I imported the whole PLS dictionary /home/liberty/200905/voxDE20090209.xml into the active vocabulary. This feature had been added to simon a few weeks ago:
“simon can now import dictionaries to the active lexicon.”
You know that my next goal is to hit the 1000 words mark. 1000 words should be recognized by simon. At the moment, I have major recognition problems. simon isn’t very responsive. It recognizes e.g. the word “abnahmen”, but when I dictate other words (that are of course part of the active vocabulary and had been successfully trained by me), simon doesn’t react. Maybe it is something with the confidence score? Or maybe while playing with sam the speech model has been changed?
Well, the active vocabulary now contains more than 8000 words. When I dictate, simon now recognizes words that I never had trained. And of course, it recognizes the wrong words. So I will have to do figure out how to adjust the speech model.
For example, I could record with Audacity lots of single words (not utterances because I find it difficult to define an appropriate grammar), and choose the Export Multiple... function. I am using Audacity in combination with my external USB sound card. This sound card only works with 22050 hertz, not with 16000 hertz under Ubuntu. This is the reason why I am using my on board sound card when dictating into simon directly (= recognition) or when recording words with simon (= training).

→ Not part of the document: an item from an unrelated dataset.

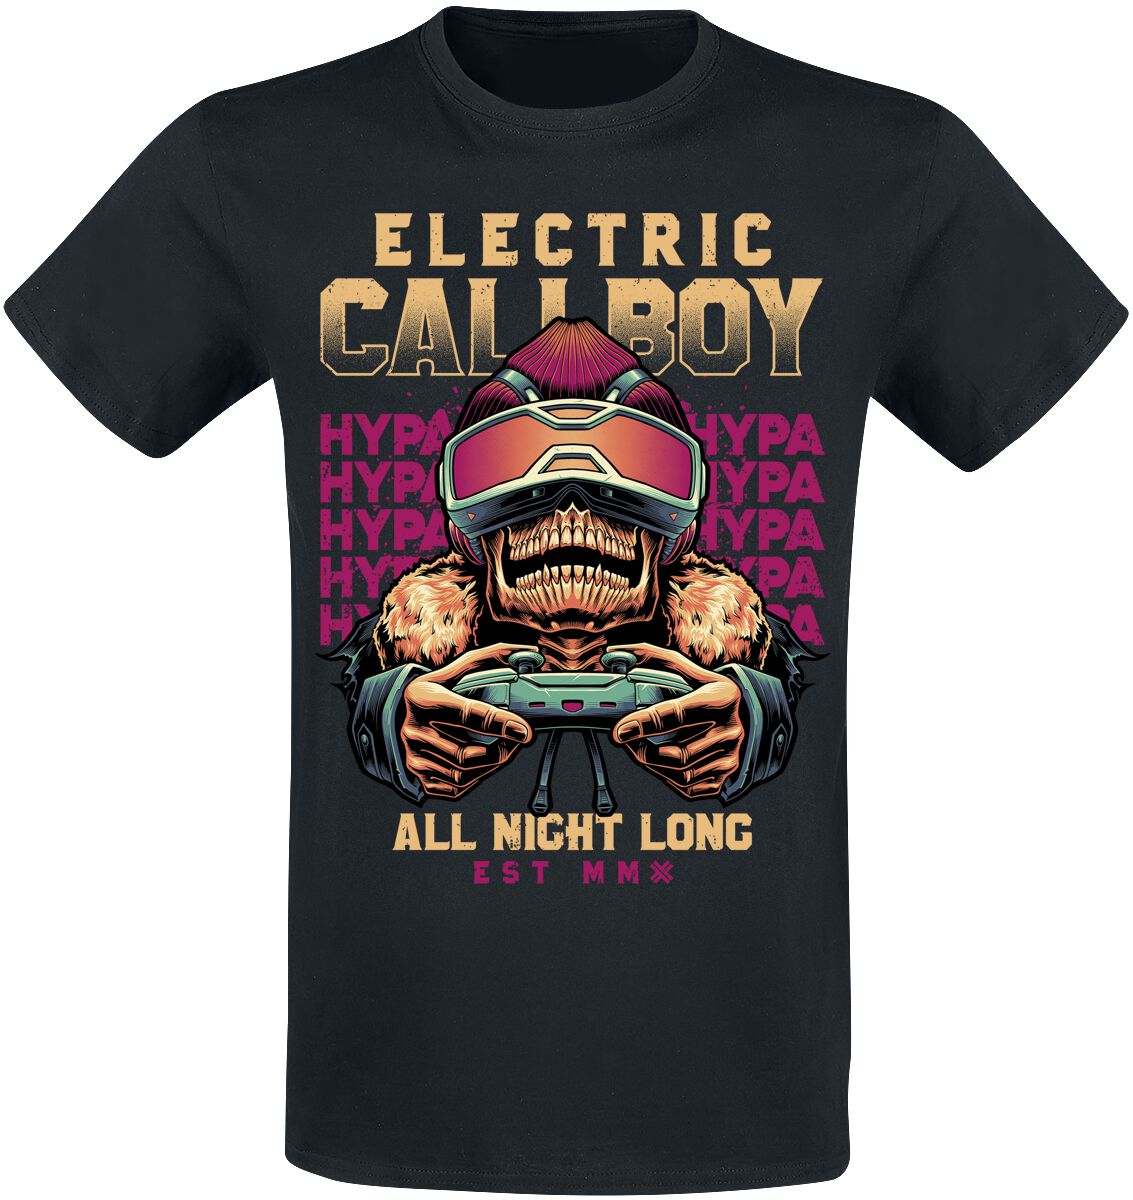 Electric Callboy T-Shirt - All Night Long - S bis 3XL - für Männer - Größe S - schwarz  - EMP exklusives Merchandise!
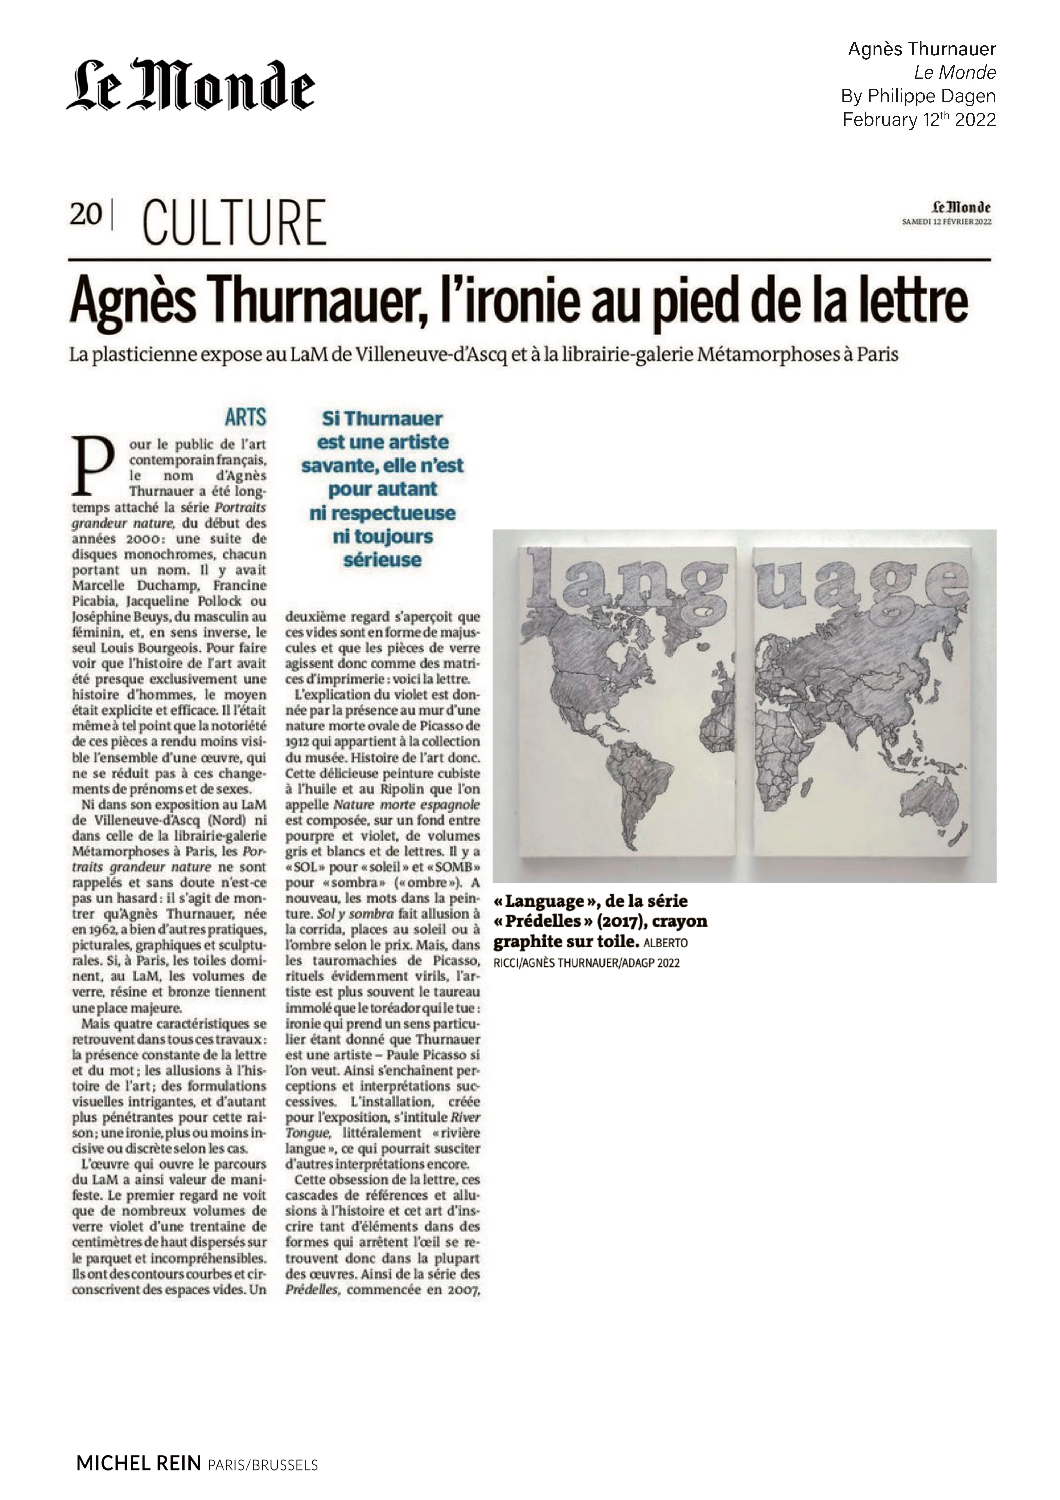 Agnes Thurnauer, l'ironie au pied de la lettre - Le Monde

It is a bit complicated to explain. I prefer Audacity for recording because it allows me to record lots of training samples in a short amount of time. So if I record with Audacity in 22050 hertz, I have to resample the wav files with sox. I tested the command from the Sphinx guide. The following command allowed me to transform a 22050 hertz file successfully into 16000 hertz:
$ sox de27-02.wav -r 16000 -c 1 -s de27-02-test.wav
With Audacity, I could record all 8000 words that are now in my active vocabulary. Let’s say in packages of 100 words. Two years ago, Audacity allowed me to export just about 30 wav files at a time otherwise the application would crash. I will have to test the current version of Audacity. Probably, this issue has been fixed.
My main concern is that the words of my dictionary are often very similar. Here is an example:
DUTZEND [Dutzend] d U ts @ n t
DUTZEND [Dutzend] d U ts n= t
DUTZENDE [Dutzende] d U ts @ n d @
DUTZENDE [Dutzende] d U ts n= d @
DUTZENDEN [Dutzenden] d U ts @ n d @ n
DUTZENDEN [Dutzenden] d U ts n= d @ n
DUTZENDEN [Dutzenden] d U ts n= d n=
DUTZENDS [Dutzends] d U ts n= ts
Eight entries that are very similar. I think that this is very hard to train successfully. I will have to find out how I can achive my 1000 words goal. Maybe I should reduce the size of the active vocabulary from 8000 words to 1000 words? The result would be that I could use a set of words that aren’t too similar, and thus I would get better recognition results.
And I could sort out short words. Short words are harder to recognize than long words. It is a trick to only train long words, and to leave out the short ones.
I am interested in the following function:
“simon can now import prompts files through the import training data wizard.”
This is a very interesting function for me. I have recorded lots of utterances. They could be imported into simon. But I have one problem: I didn’t define an appropriate grammar. I could use a grammar that uses just one category of words (e.g. all words are marked as noun, it doesn’t matter what they really are; they can be adverbs, adjectives, verbs, etc.). So this could be the way to go.
I think that the 1000 mark goal could be hit with the present vocabulary of 8000 words. Julius allows 20.000 words dictation. So 1000 words is a reasonable goal. When I have reached that goal, I will have to think about the following question: How can I hit the 10.000 words mark? First, I need a bigger lexicon. I don’t want to use BOMP since it would be necessary to write them an email. I prefer to stick to free dictionaries.
Another solution could be that I switch from the German PLS dictionary to the English Voxforge dictionary. I could do the testing in English.